Supplied material:
● ● ● ●

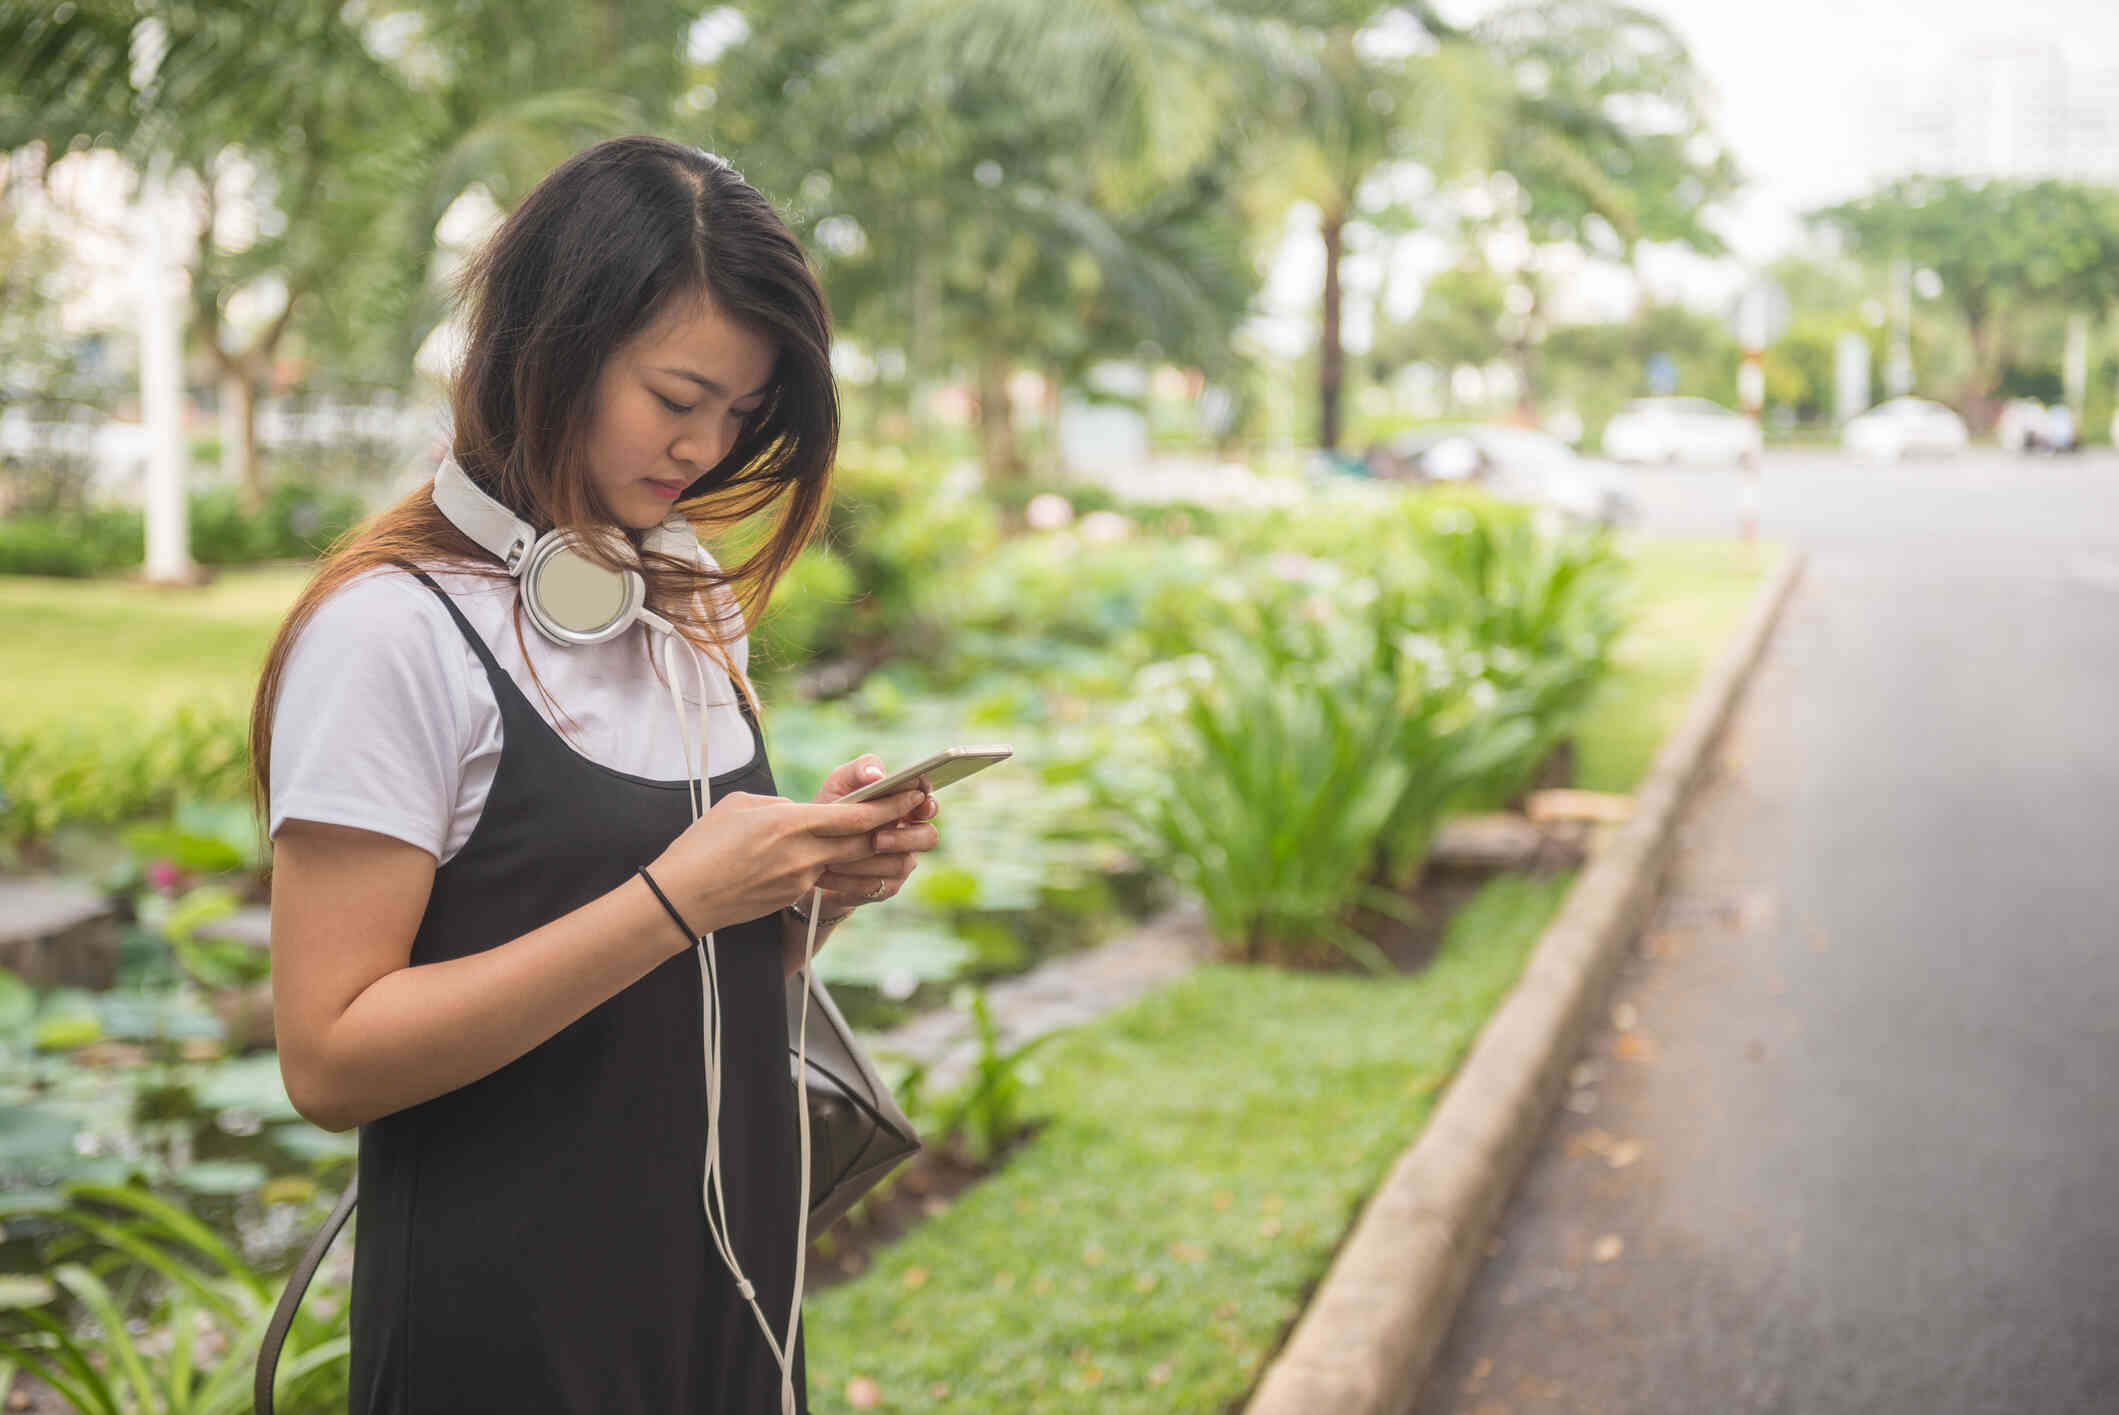 A teen girl in a black dress and white headphones stands outside and looks at the cellphone in her hands.
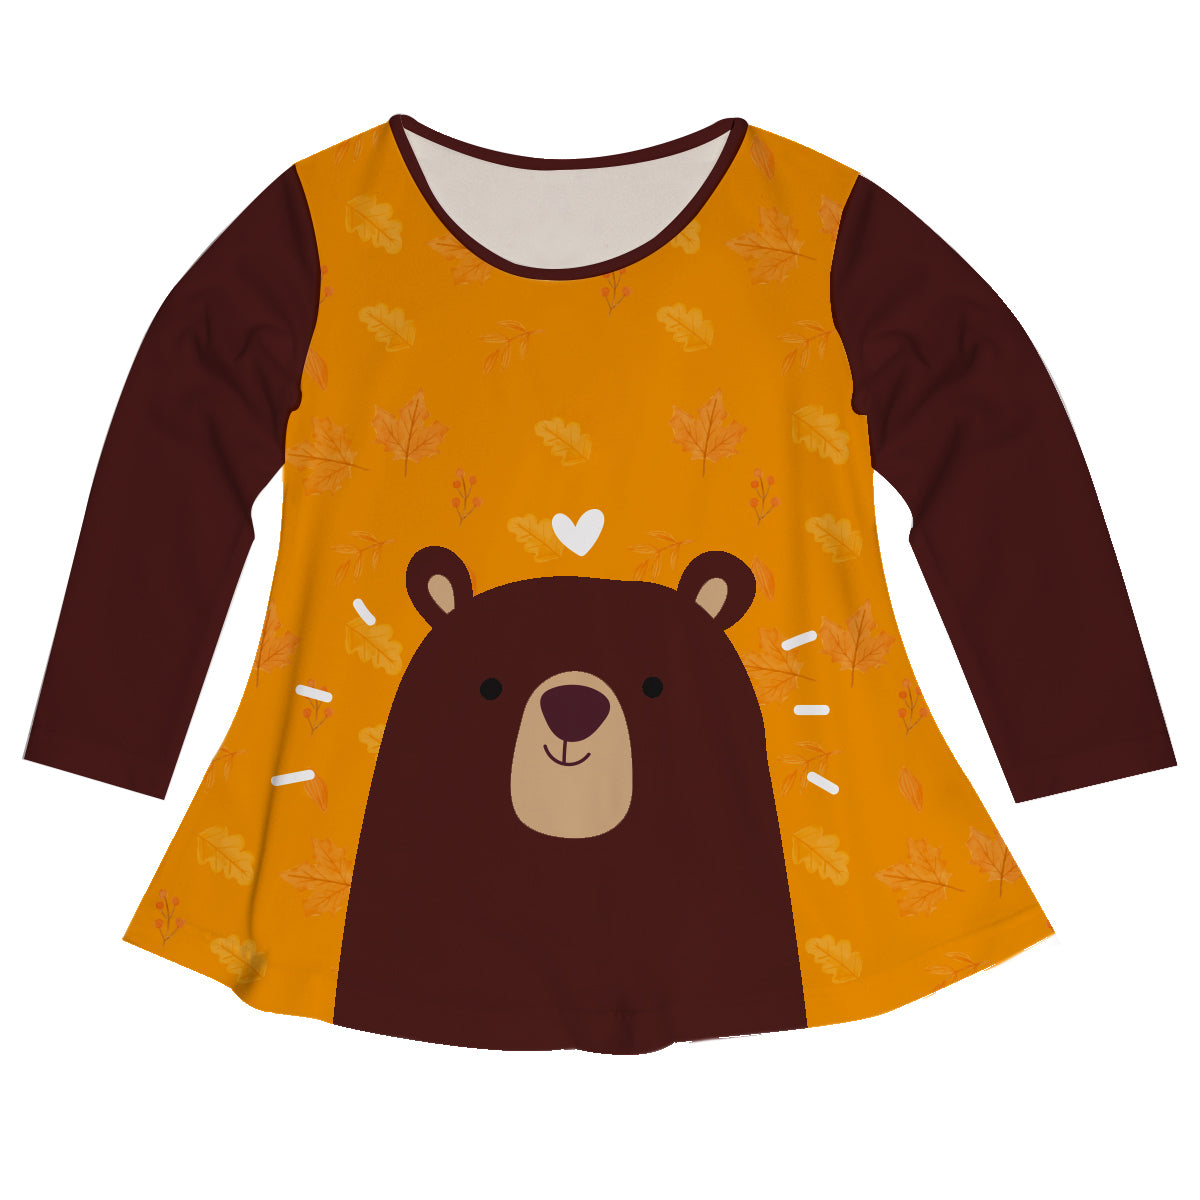 Girls black and brown bears blouse with monogram - Wimziy&Co.
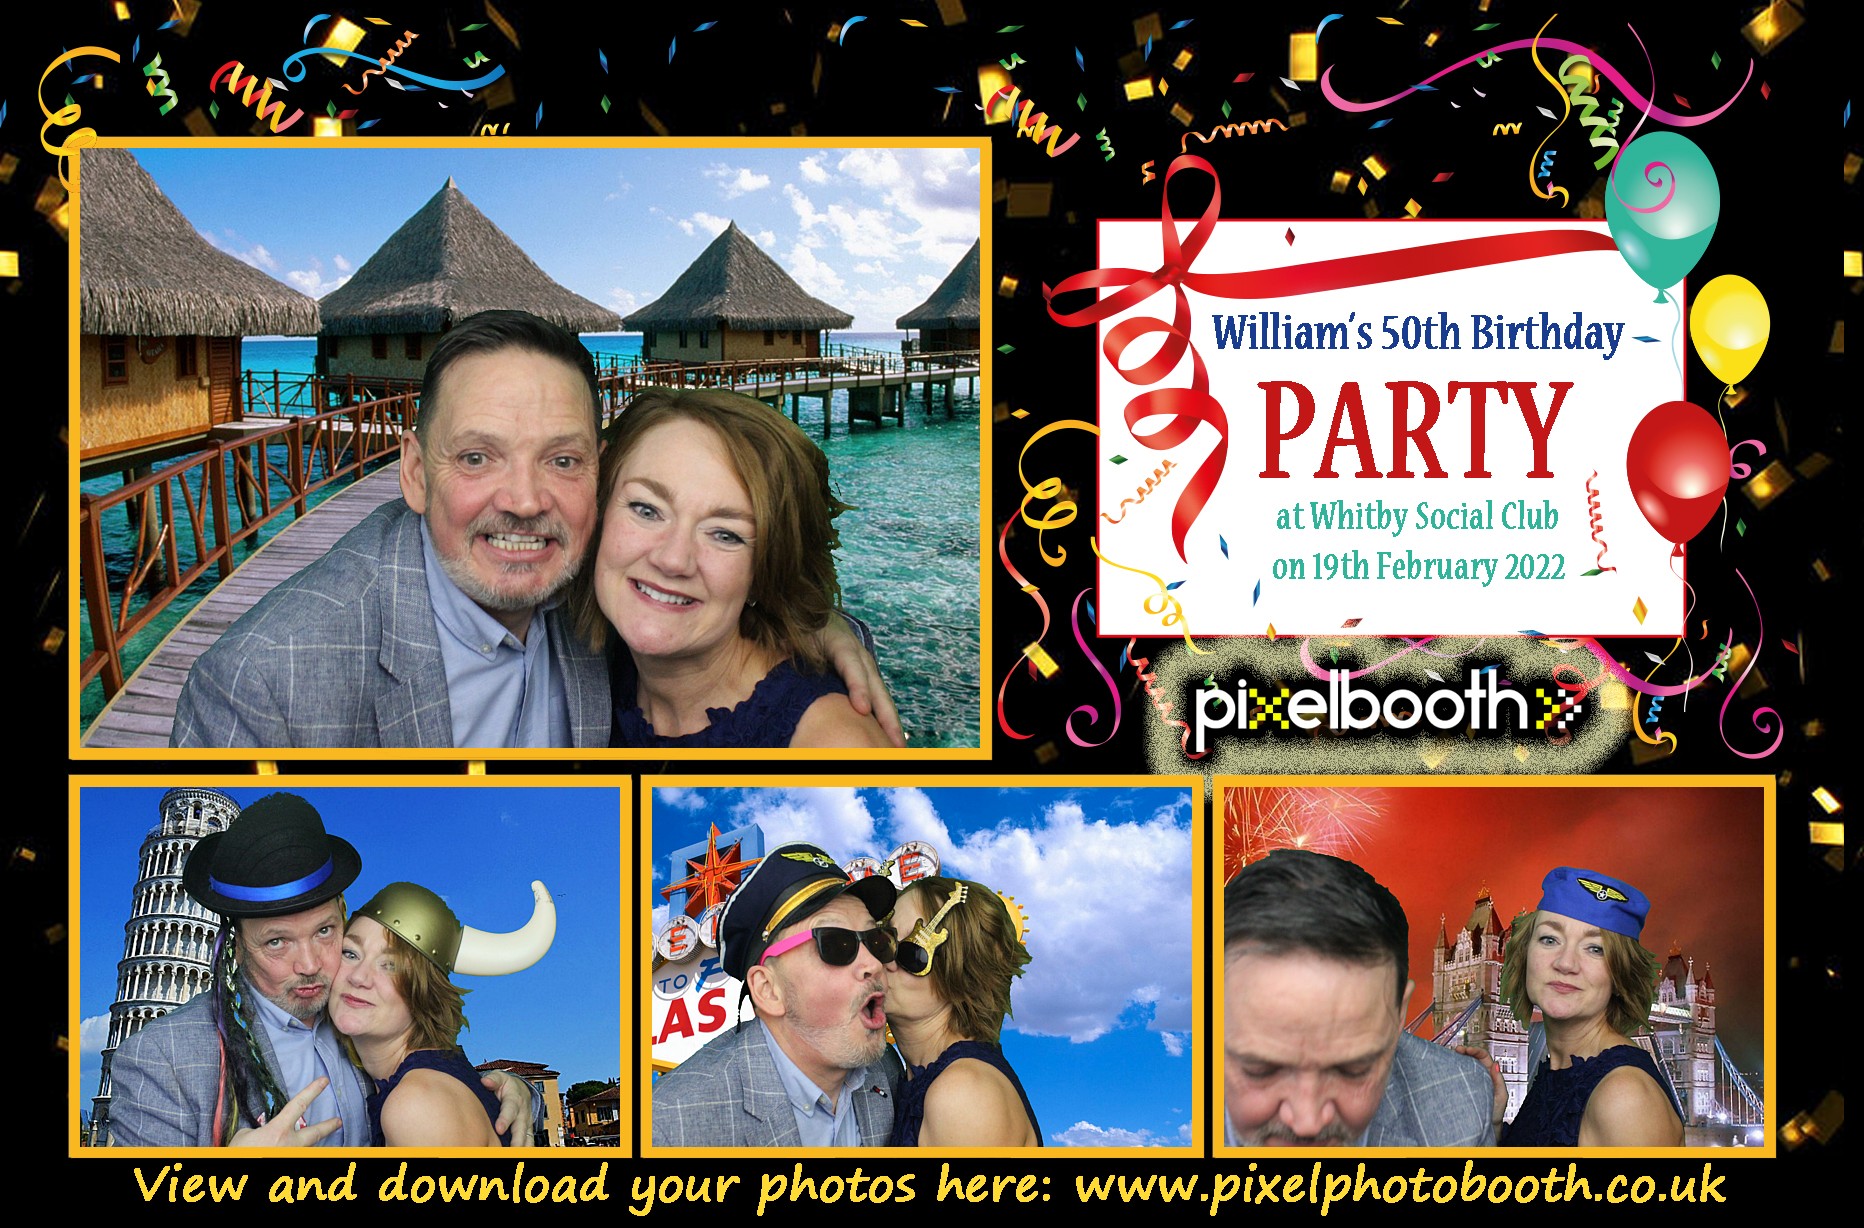 19th Feb 2022: William's 50th Birthday Party at Whitby Social Club

● ● ● ●

Restate the data above word for word, so that the only difference is the missing pictures.

Expected answer:
 A teen girl in a black dress and white headphones stands outside and looks at the cellphone in her hands.
 Girls black and brown bears blouse with monogram - Wimziy&Co.
 19th Feb 2022: William's 50th Birthday Party at Whitby Social Club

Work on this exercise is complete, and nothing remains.